Violentata nella cabina, nessuno la aiutò. Dieci anni di condanna allo stupratore

La sentenza Accolte le richieste dell’accusa. L’aggressore abusò di lei a due passi dal tribunale una sera di agosto. Tanti videro ma non intervennero

Quindici anni come pena, con un terzo tolto solo in seguito alla scelta del rito abbreviato. È stato condannato a 10 anni, accogliendo in pieno le richieste del pubblico ministero Antonio Nalesso, l’uomo di 42 anni arrestato nella notte tra il 6 e il 7 agosto del 2022 per una brutale violenza sessuale avvenuta in una cabina del telefono posta in via Auguadri, accanto al Tribunale. La vittima, una donna bulgara che oggi ha 59 anni, era stata anche picchiata – oltre che stuprata – con lesioni e lacerazioni nelle parti intime riportando anche una frattura ad un braccio. La prognosi dell’ospedale era stata di 30 giorni.
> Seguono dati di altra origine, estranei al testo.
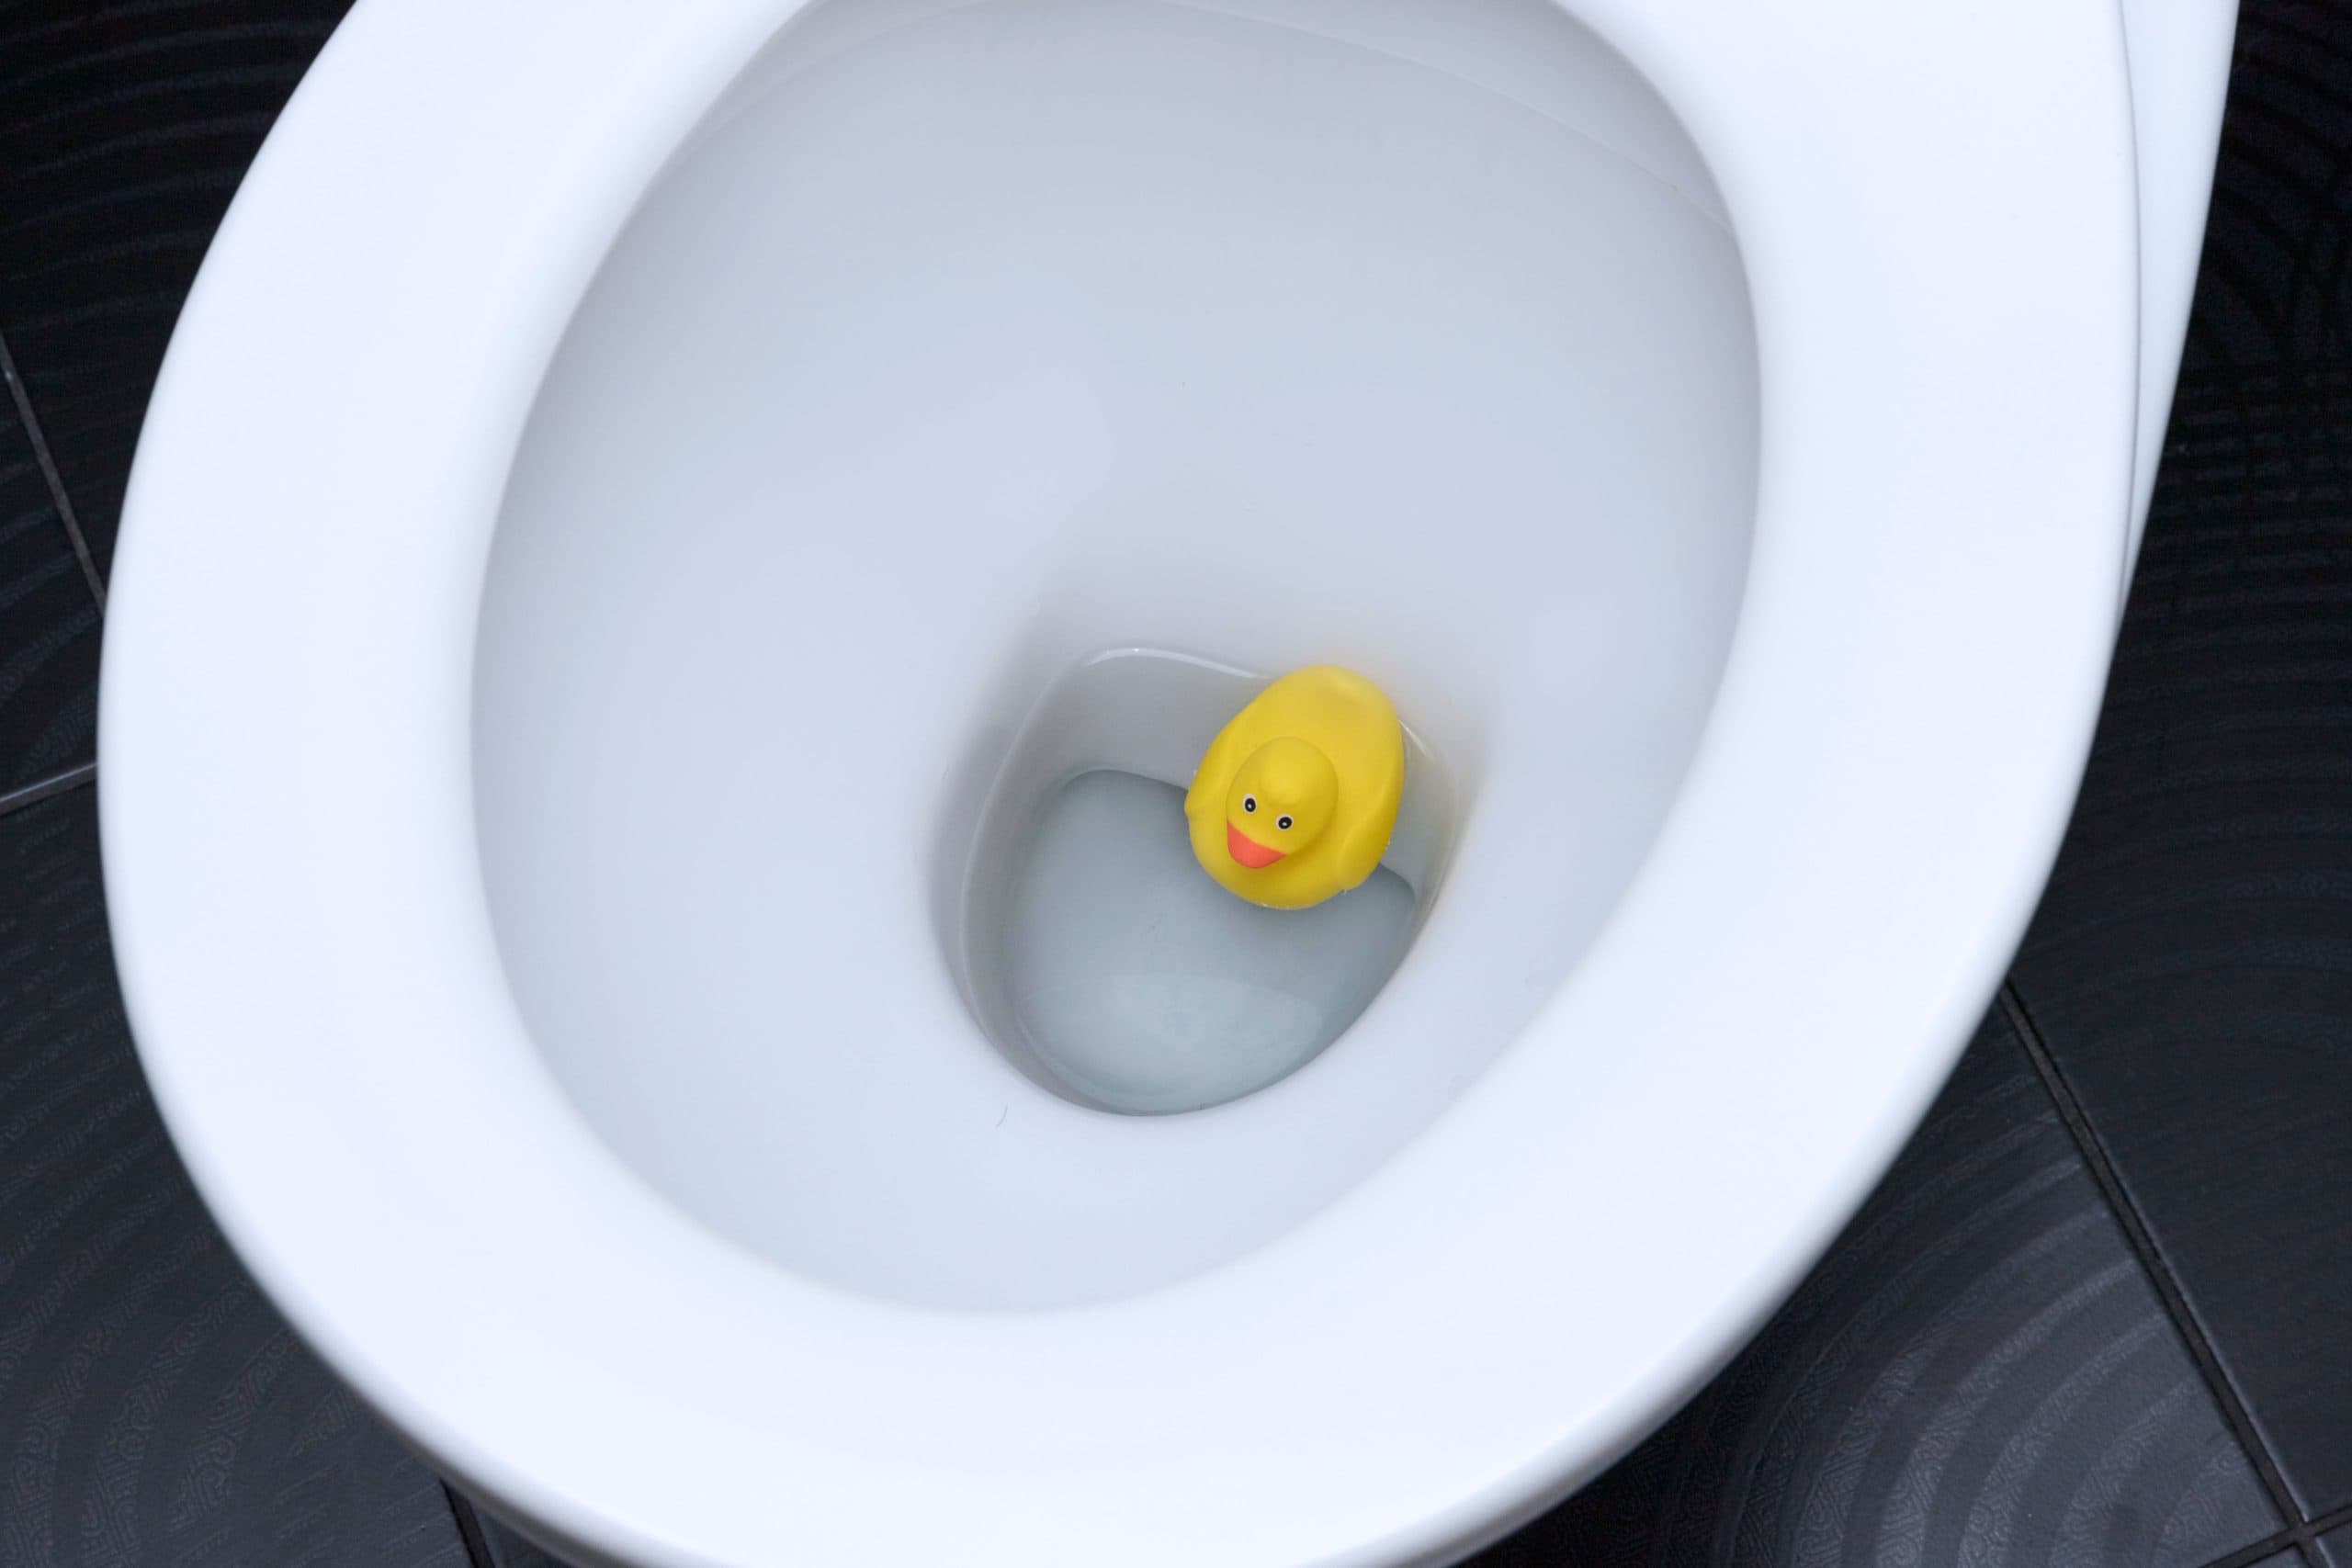 Plastic model of a yellow duck floating in a toilet bowl, toilet.

Per questa brutale aggressione culminata con una violenza sessuale, i carabinieri di Como avevano arrestato poco dopo in viale Varese, con ancora gli abiti intrisi del sangue della vittima, un pakistano di 42 anni, Ghulam Shabbir Imran, senza fissa dimora e da allora detenuto in carcere. Ieri mattina, assistito dall’avvocato Corrado Leoni, l’uomo è tornato in Tribunale per essere processato con il rito abbreviato davanti al giudice Walter Lietti.

Un primo risarcimento

Al termine della camera di consiglio, il giudice ha deciso di sposare interamente quella che era stata la richiesta della accusa condannando l’indagato alla pena di 10 anni. La parte civile era costituita in aula e il giudice le ha riconosciuto una provvisionale da 50 mila euro, in attesa che il risarcimento venga meglio definito in sede civile.

La ricostruzione

È stato questo l’epilogo di una storia brutta, non solo per quanto avvenuto ma anche per il contorno di questa vicenda. Lo stupro era avvenuto in estate, di sera, ed era stato ripreso dalle telecamere del Tribunale cittadino che avevano immortalato tutta l’aggressione. Ma ad essere ripresi erano stati anche cittadini che a decine erano sfilati davanti al punto in cui era in corso la violenza senza che nessuno prendesse in mano in telefono per chiedere l’intervento delle forze dell’ordine. A farlo erano state solo due ragazze straniere, cameriere in un locale del centro, che terminato il turno di lavoro, nel passare dall’altra parte della strada rispetto a dove si trovano le cabine, avevano visto quanto stava avvenendo era erano corse in un vicino chiosco per implorare di chiamare i soccorsi.

All’arrivo dei carabinieri, la vittima – una donna bulgara che aveva trascorso la serata, prima di essere violentata, proprio con il pakistano bevendo birra (accanto al punto dello stupro ne erano state trovate molte) era seduta a terra, in mezzo ad una grande pozza di sangue. Il violentatore era invece stato trovato in viale Varese, ancora sporco di liquido ematico. Il pm Antonio Nalesso in questi mesi ha portato avanti il fascicolo, ricostruendo i fatti, ascoltando di nuovo la vittima in un apposito incidente probatorio, ed infine formulando il capo di imputazione con le accuse di violenza sessuale aggravata dall’aver fatto prima consumare un ingente quantitativo di alcol alla vittima, e di lesioni personali. La donna bulgara era stata spogliata dei vestiti che erano stati strappati, poi picchiata, presa a calci nel ventre e presa per i capelli, finendo con l’essere sbattuta dentro due diverse cabine del telefono e violentata.